阅读说明：本技术 一种叉指结构加载的基片集成波导滤波器 (Substrate integrated waveguide filter loaded by interdigital structure ) 是由 董元旦 朱谊龙 杨涛 于 2020-08-21 设计创作，主要内容包括：本发明涉及波导技术领域,是一种叉指结构加载的基片集成波导滤波器,包括输入端口、输出端口、叉指结构和基片集成波导谐振腔结构；所述基片集成波导谐振腔结构设置在所述输入端口和输出端口之间；所述基片集成波导谐振腔结构包括顶层金属、底层金属和介质板层,所述介质板层上设置有阵列的金属化过孔,所述金属化过孔连通所述顶层金属和底层金属,以形成基片集成波导谐振腔；设置有至少两个所述基片集成波导谐振腔结构：相邻所述谐振腔之间设置有感性耦合窗；所述叉指结构设置在所述输入端口、输出端口和感性耦合窗中的一个或多个位置,减小滤波器尺寸,并且提高滤波器的选择性。(The invention relates to the technical field of waveguides, in particular to a substrate integrated waveguide filter loaded with an interdigital structure, which comprises an input port, an output port, the interdigital structure and a substrate integrated waveguide resonant cavity structure; the substrate integrated waveguide resonant cavity structure is arranged between the input port and the output port; the substrate integrated waveguide resonant cavity structure comprises a top layer metal, a bottom layer metal and a dielectric slab layer, wherein the dielectric slab layer is provided with an array of metallized through holes, and the metallized through holes are communicated with the top layer metal and the bottom layer metal to form a substrate integrated waveguide resonant cavity; at least two substrate integrated waveguide resonant cavity structures are arranged: an inductive coupling window is arranged between the adjacent resonant cavities; the interdigital structures are disposed at one or more locations within the input port, output port, and inductive coupling window, reducing filter size and increasing filter selectivity.)

1. A substrate integrated waveguide filter loaded with an interdigital structure is characterized by comprising an input port, an output port, the interdigital structure and a substrate integrated waveguide resonant cavity structure;

the substrate integrated waveguide resonant cavity structure is arranged between the input port and the output port;

the substrate integrated waveguide resonant cavity structure comprises a top layer metal, a bottom layer metal and a dielectric slab layer, wherein the dielectric slab layer is provided with an array of metallized through holes, and the metallized through holes are communicated with the top layer metal and the bottom layer metal to form a substrate integrated waveguide resonant cavity;

at least two substrate integrated waveguide resonant cavity structures are arranged:

an inductive coupling window is arranged between the adjacent substrate integrated waveguide resonant cavities;

the interdigital structures are disposed at one or more locations within the input port, output port, and inductive coupling window.

2. The filter of claim 1, wherein the resonance frequency of the interdigital structure coincides with the resonance frequency of the substrate-integrated waveguide resonator.

3. The filter of claim 2, wherein the interdigital structure is disposed at the inductive coupling window to form a third order filter.

4. The filter of claim 3, wherein the interdigital structure-loaded substrate integrated waveguide filter is provided with symmetrically reserved inductive coupling windows at two sides.

5. The substrate-integrated waveguide filter with the loaded interdigital structure according to claim 4, wherein the reserved inductive coupling window is internally provided with metal via holes arranged transversely.

6. The filter of claim 1, wherein the interdigital structures are disposed on the input port and the output port to form a fourth order filter.

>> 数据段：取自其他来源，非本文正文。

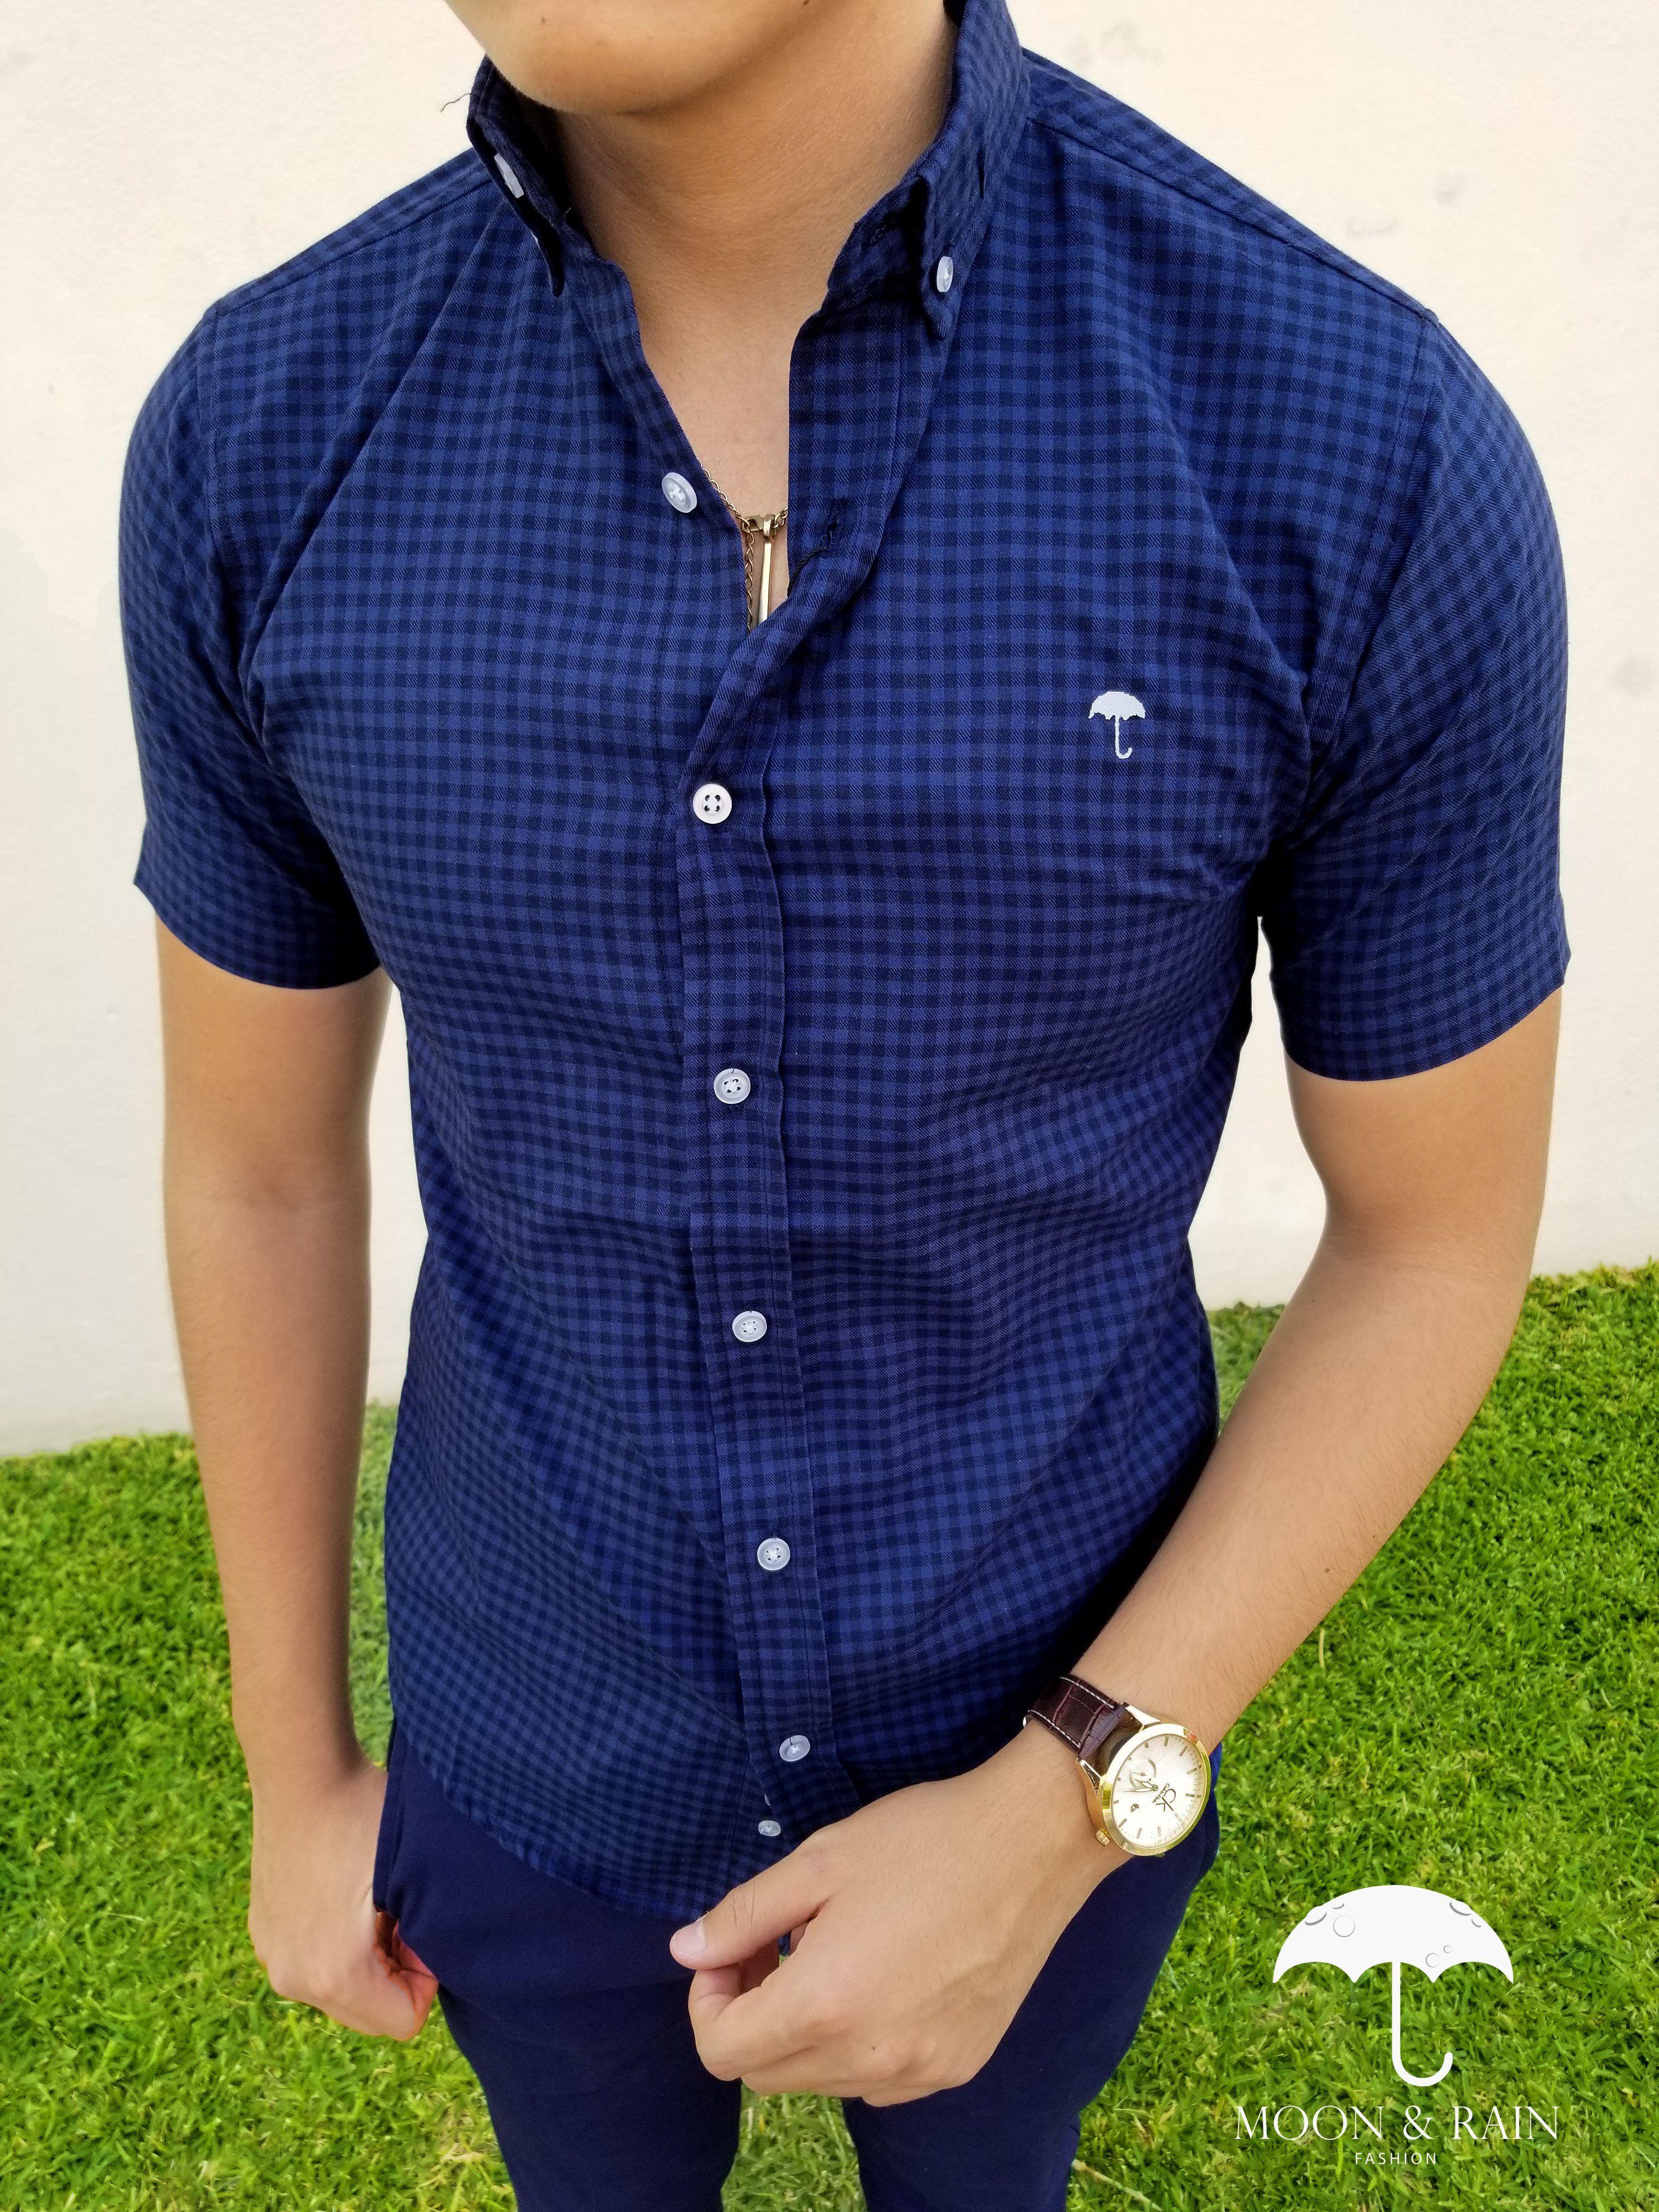 d059a98fb Ropa para hombre ideal para una ocasión casual y o formal  Camisa Manga  Corta Cuadros Marino- Negro y Pantalón de Vestir de la marca Moon   Rain

7. The filter of claim 1, wherein the interdigital structure comprises three pairs of interdigital fingers.

Technical Field

The invention relates to the technical field of waveguides, in particular to a substrate integrated waveguide filter with an interdigital structure loaded.

Background

Substrate Integrated Waveguide (SIW) has the characteristics of a general cavity Waveguide, such as high power capacity and low insertion loss, and at the same time, it has the advantage of easy integration of a general planar circuit, and has received extensive attention from both academic and industrial fields. Filters based on the substrate integrated waveguide technology have been extensively studied and applied over the past decades, and various different types, filter responses, multi-pass bands, and reconfigurable substrate integrated waveguide filters have been widely studied. Despite its significant advantages, the substrate integrated waveguide filter has a significant disadvantage, namely its large size. Compared with the conventional microstrip filter or lumped parameter filter, the substrate integrated waveguide filter is much larger in lateral area. With the continuous development of modern wireless communication technology, miniaturization is a trend of communication systems, and therefore miniaturization of filters is also important.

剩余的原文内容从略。